Transliterator* Transliterator::createInverse UErrorCode   status const
 

Returns this transliterator's inverse.

See the class documentation for details. This implementation simply inverts the two entities in the ID and attempts to retrieve the resulting transliterator. That is, if getID() returns "A-B", then this method will return the result of createInstance("B-A"), or null if that call fails.

Subclasses with knowledge of their inverse may wish to override this method.

Parameters:
status  Output param to filled in with a success or an error.
Returns:
a transliterator that is an inverse, not necessarily exact, of this transliterator, or null if no such transliterator is registered.
See also:
registerInstance
Stable:
ICU 2.0

virtual void Transliterator::filteredTransliterate Replaceable   text,
UTransPosition   index,
UBool    incremental,
UBool    rollback
const [private, virtual]
 

Top-level transliteration method, handling filtering, incremental and non-incremental transliteration, and rollback.

All transliteration public API methods eventually call this method with a rollback argument of TRUE. Other entities may call this method but rollback should be FALSE.

If this transliterator has a filter, break up the input text into runs of unfiltered characters.
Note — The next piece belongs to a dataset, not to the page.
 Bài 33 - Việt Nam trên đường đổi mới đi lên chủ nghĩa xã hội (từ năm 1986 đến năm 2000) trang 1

Pass each run to <subclass>.handleTransliterate().

In incremental mode, if rollback is TRUE, perform a special incremental procedure in which several passes are made over the input text, adding one character at a time, and committing successful transliterations as they occur. Unsuccessful transliterations are rolled back and retried with additional characters to give correct results.

Parameters:
text  the text to be transliterated
index  the position indices
incremental  if TRUE, then assume more characters may be inserted at index.limit, and postpone processing to accomodate future incoming characters
rollback  if TRUE and if incremental is TRUE, then perform special incremental processing, as described above, and undo partial transliterations where necessary. If incremental is FALSE then this parameter is ignored.

virtual void Transliterator::filteredTransliterate Replaceable   text,
UTransPosition   index,
UBool    incremental
const [protected, virtual]
 

Transliterate a substring of text, as specified by index, taking filters into account.

This method is for subclasses that need to delegate to another transliterator, such as CompoundTransliterator.

Parameters:
text  the text to be transliterated
index  the position indices
incremental  if TRUE, then assume more characters may be inserted at index.limit, and postpone processing to accomodate future incoming characters
Draft:
This API has been introduced in ICU 2.4. It is still in draft state and may be modified in a future release.

virtual void Transliterator::finishTransliteration Replaceable   text,
UTransPosition   index
const [virtual]
 

Finishes any pending transliterations that were waiting for more characters.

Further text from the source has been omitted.